Though Roquet makes a compelling case that a subtractivist reading elucidates both the strategy of the ambient media consumer and the general public's response to the trauma of postwar Japan, at times it feels like he is avoiding, rather than addressing, the relationship the use of the media might have to religious practice. He compares some of the values of a subtractivist attitude with the Buddhist notion of impermanence (mujō) but other than that, dedicates very little attention to how some of his creative theoretical contributions could be used to in these discourses and vice-versa. At times, Roquet's descriptions of the socially adaptive side to ambient subjectivation that “affords engagement with a wider range of environments and people, enabling movement through a diverse and complex world” (83) seems reminiscent of many tenets of Mahayana Buddhism.The book, however, covers a lot of ground and still manages to dedicate a portion of its final chapter to an overview of the limits of ambient media as a method for direct social critique and political mobilization.

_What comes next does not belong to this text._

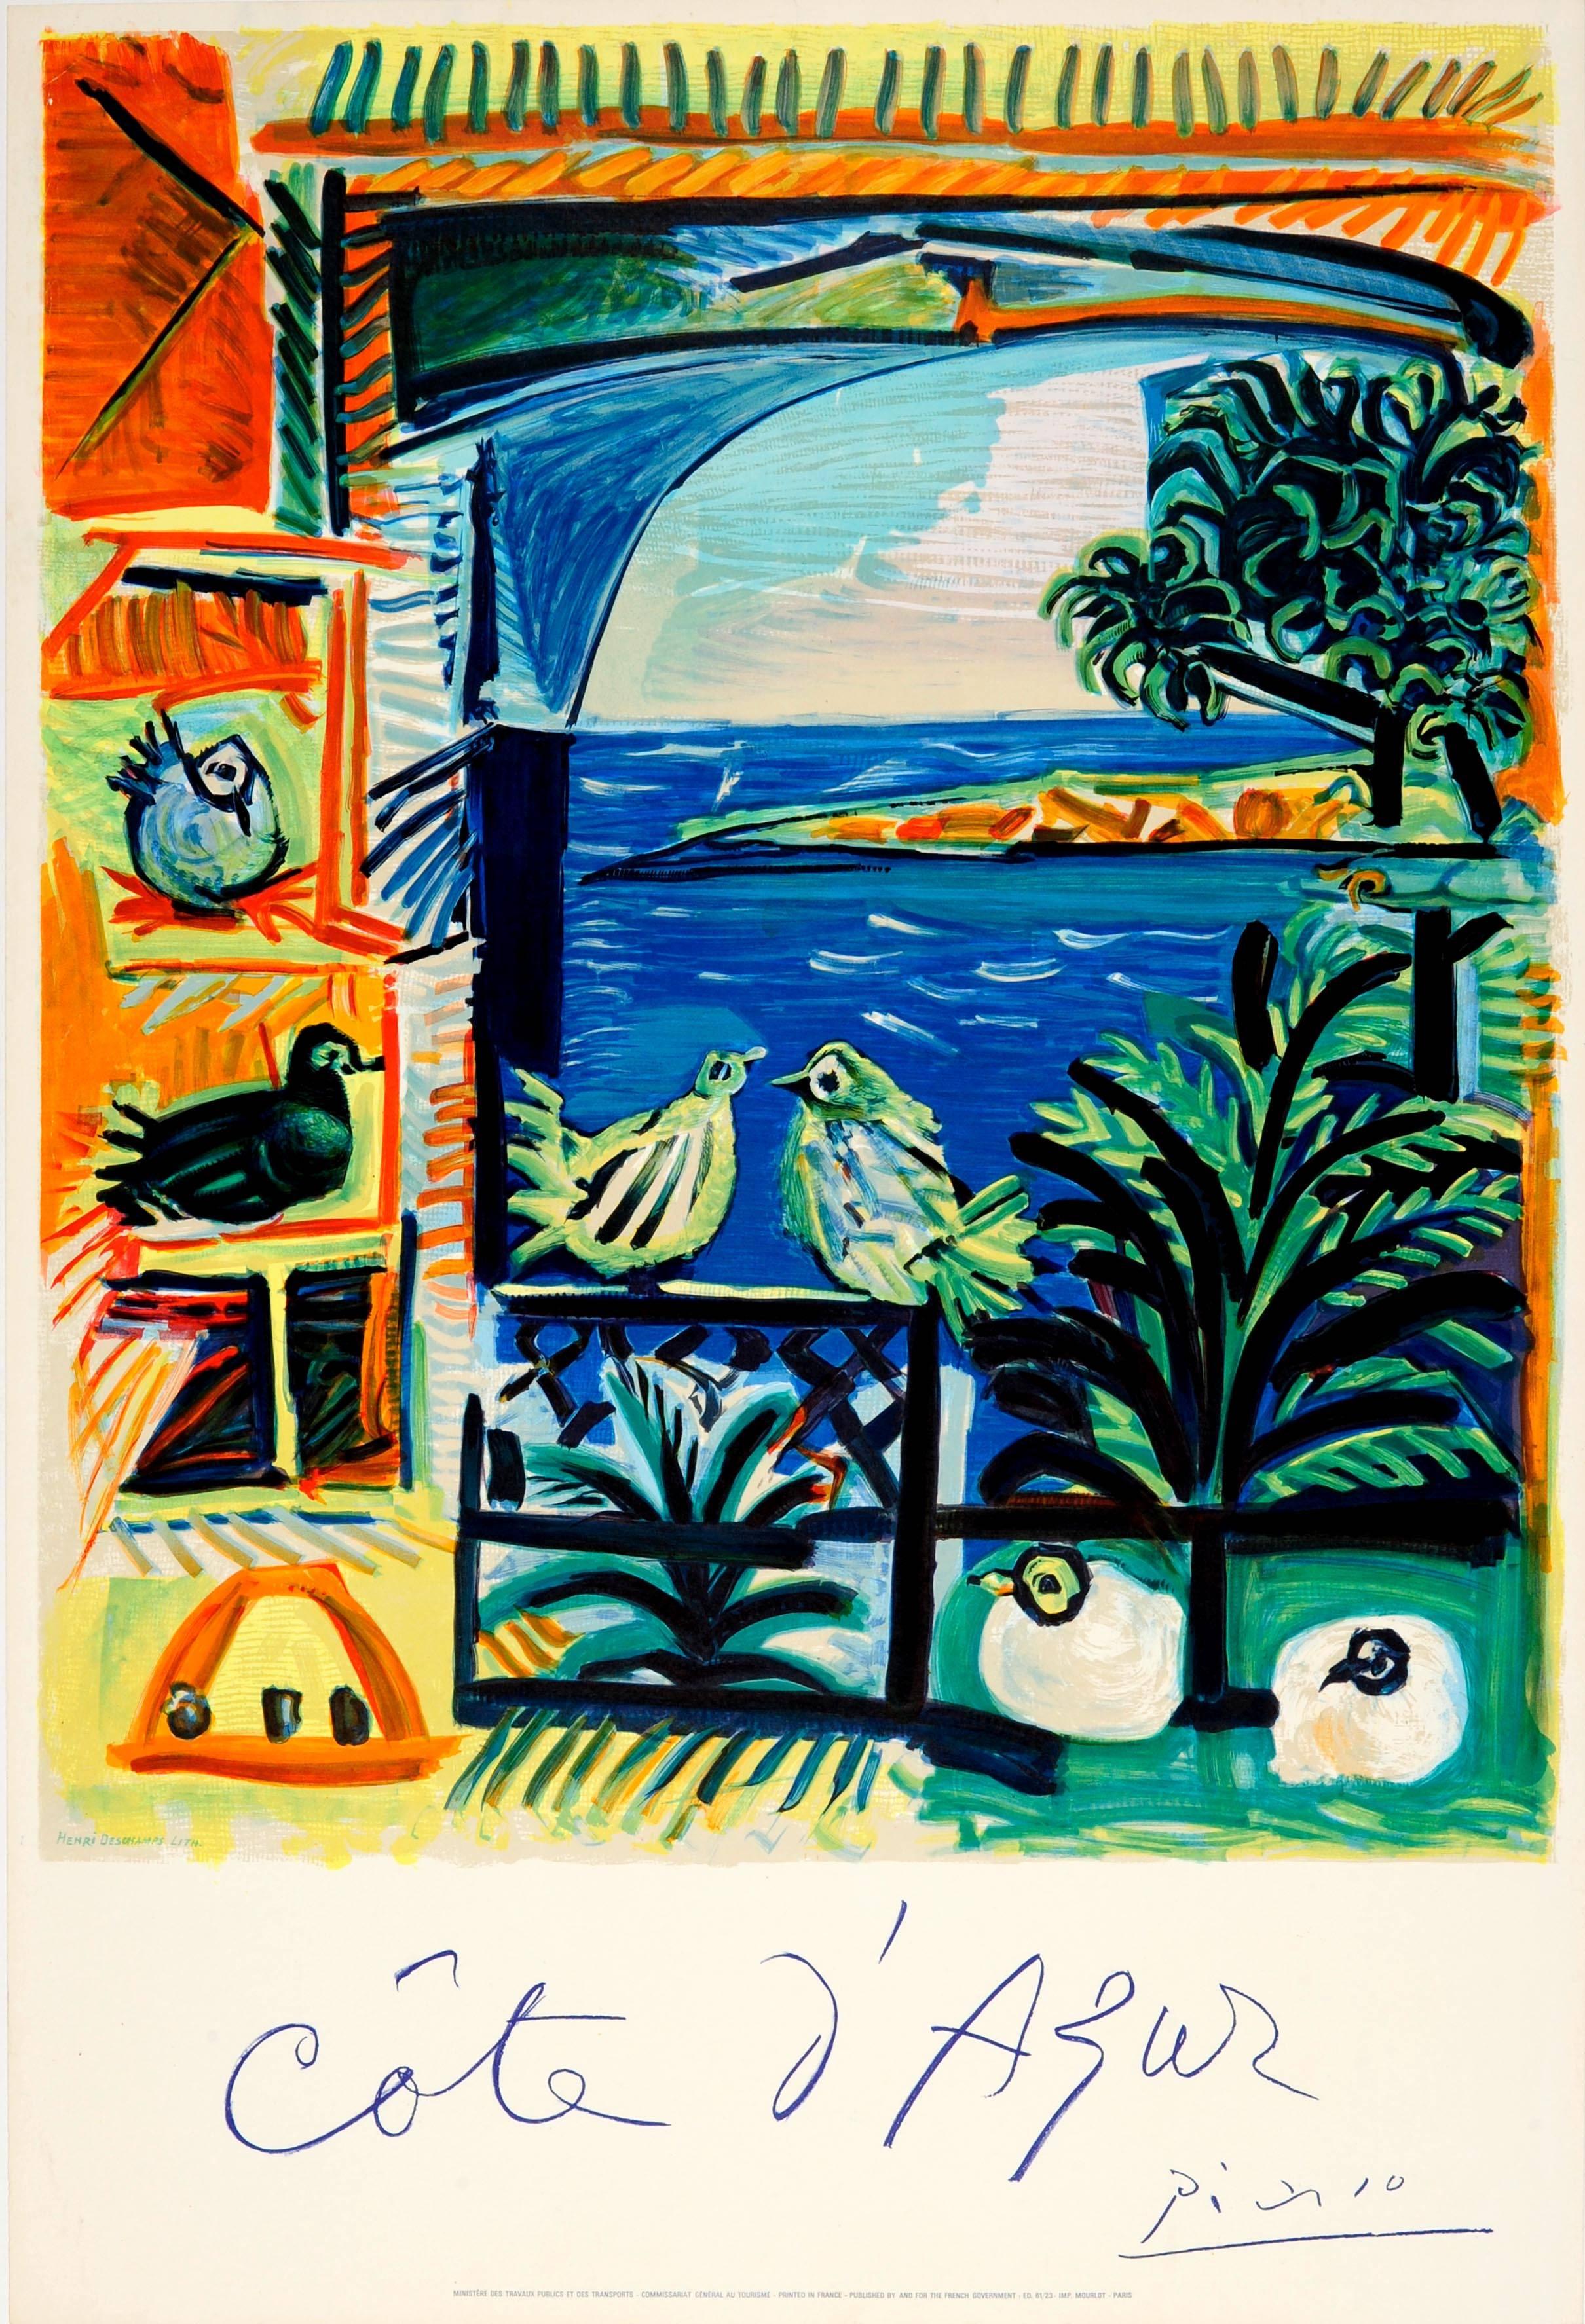 Original 1962 Travel Poster By Pablo Picasso For The Cote d'Azur French Riviera

Ambient Media may intend to present a balanced view of the healing potential of ambient media as well as its more doubtful aspects, but by and large the study favours presenting the positives; Roquet admits that his book is just the beginning of engagement with the topic. What Ambient Media achieves is the construction of a clear, contemporary history of the topic while addressing the inherently double-edged possibilities such a history creates for interpretation. Ambient Media will be a valuable resource to any interested in the contemporary relationship between media and its consumers, as well as those studying Japanese film and literature, for the unique insights offered in Chapters Five and Six on Haruki Murakami and the allure of ambient literature.